SAVINGS AND INVESTMENTS ANNOUNCEMENTS
- A new dividends allowance of £5,000 a year is being introduced. Tax on dividend income above the allowance will be charged at: • 7.5% for basic rate taxpayers • 32.5% for higher rate taxpayers • 38.1% for additional rate taxpayers.
- Pensions Lifetime Allowance:
- This will be reduced from £1,250,000 to £1,000,000 with effect from 6 April 2016. Those aged under 40 can save upto £4,000 a year and receive a 25% government bonus from April 2017.
- Annual ISA Limit:
- This will Increase from £15,240 to £20,000 from April 2017.
PROPERTY OWNERS ANNOUNCEMENTS
- SDLT Hike:
- Large investors will not be exempt from the 3% Stamp Duty surcharge that comes into effect in April 2016. It was originally thought that those with 15 or more properties would be exempt. Many in the industry fear this may have a negative impact on the emerging build to rent sector which is so crucial in providing housing in London.

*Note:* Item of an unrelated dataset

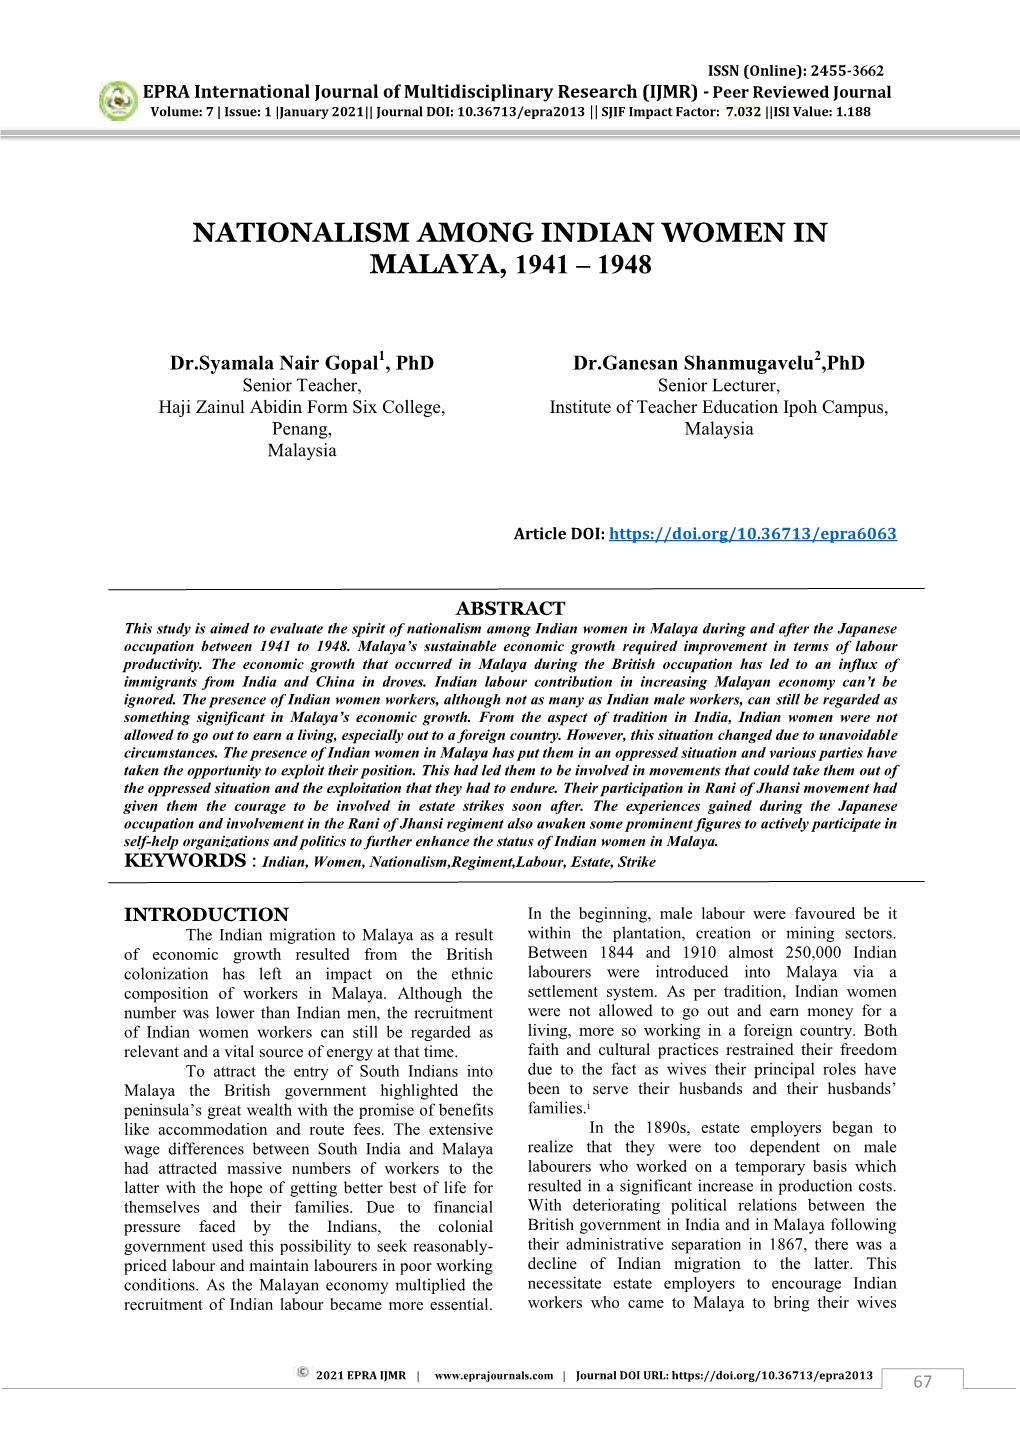 Nationalism Among Indian Women in Malaya, 1941 – 1948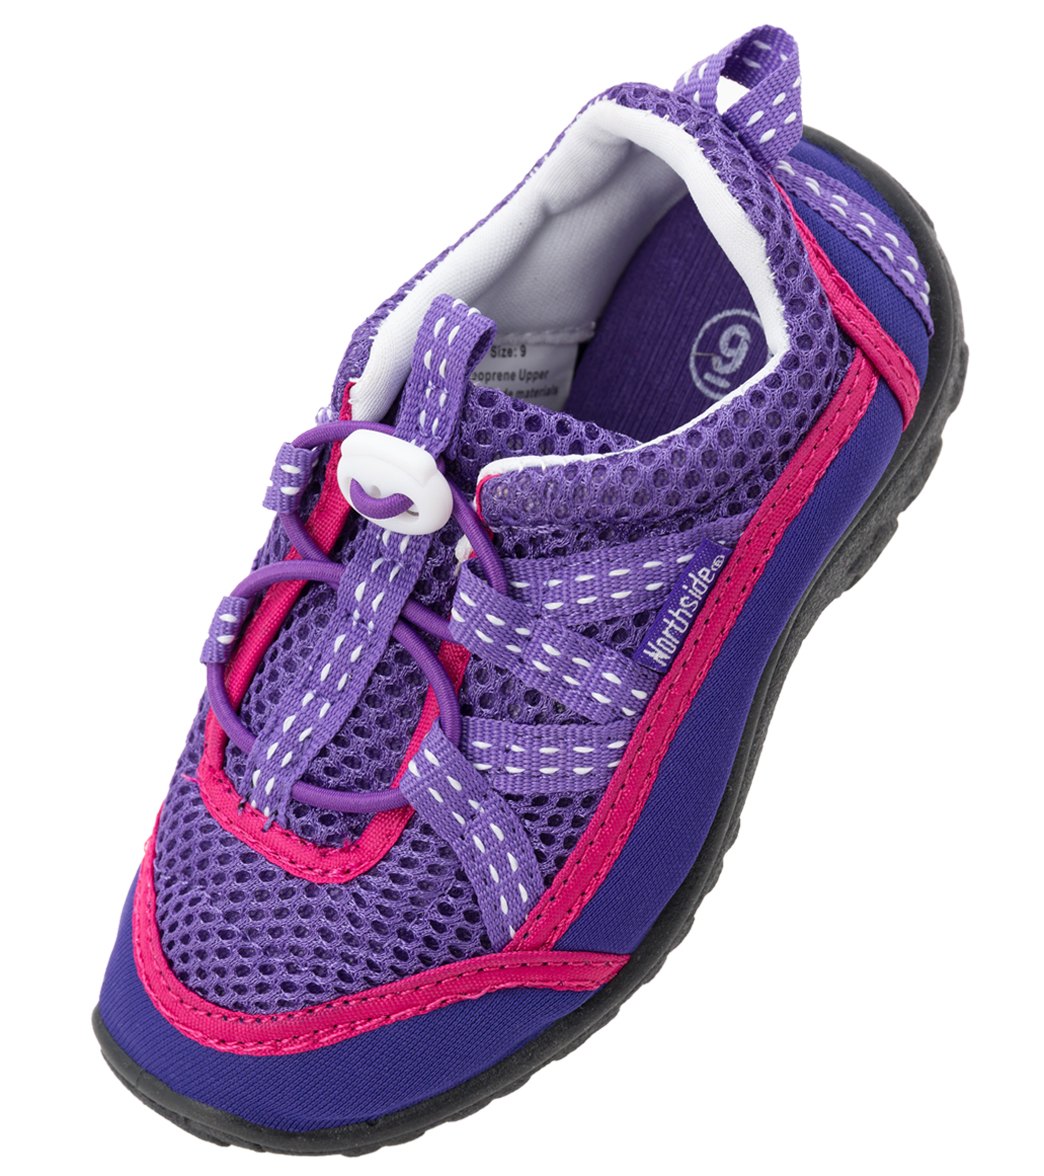 little girls water shoes

- Osborne announced that the higher Stamp Duty rates are forecast to generate an extra £630 million for the treasury in 2016/17 rising to £855 million by 2020/1.
- Property owners will have 36 months to claim back the 3% stamp duty levy.
- Those buying a second property will have a window of 36 months to sell their primary residence and claim a refund on the extra 3% Stamp Duty levy. That means you can own two properties for three years without having to pay the extra charge.
- Property and Trading Income Allowances:
- The government will introduce a new £1,000 allowance for property income and a new £1,000 allowance for trading income from April 2017. Interesting tax changes for property owners include a tax-free allowance for those conducting business online. So whether you’re selling on eBay or renting out a room via a site like AirBnB, your first £1,000 will be tax-free!
- Scrapping of Wear & Tear Allowance: This is being abolished from April 2016. Landlords will be able to deduct the actual costs of replacing furnishings.
- Disguised remuneration avoidance schemes:
- Some of the measures include: inserting an additional targeted anti-avoidance rule, and the withdrawal of the relief on investment returns.
- A raft of measures are to be introduced targeted at employers, companies and individuals using tax avoidance schemes. The measures will also apply to employers, companies and individuals that used an employee benefit trust (EBT) arrangement prior to 2011 and have yet to settle with HMRC.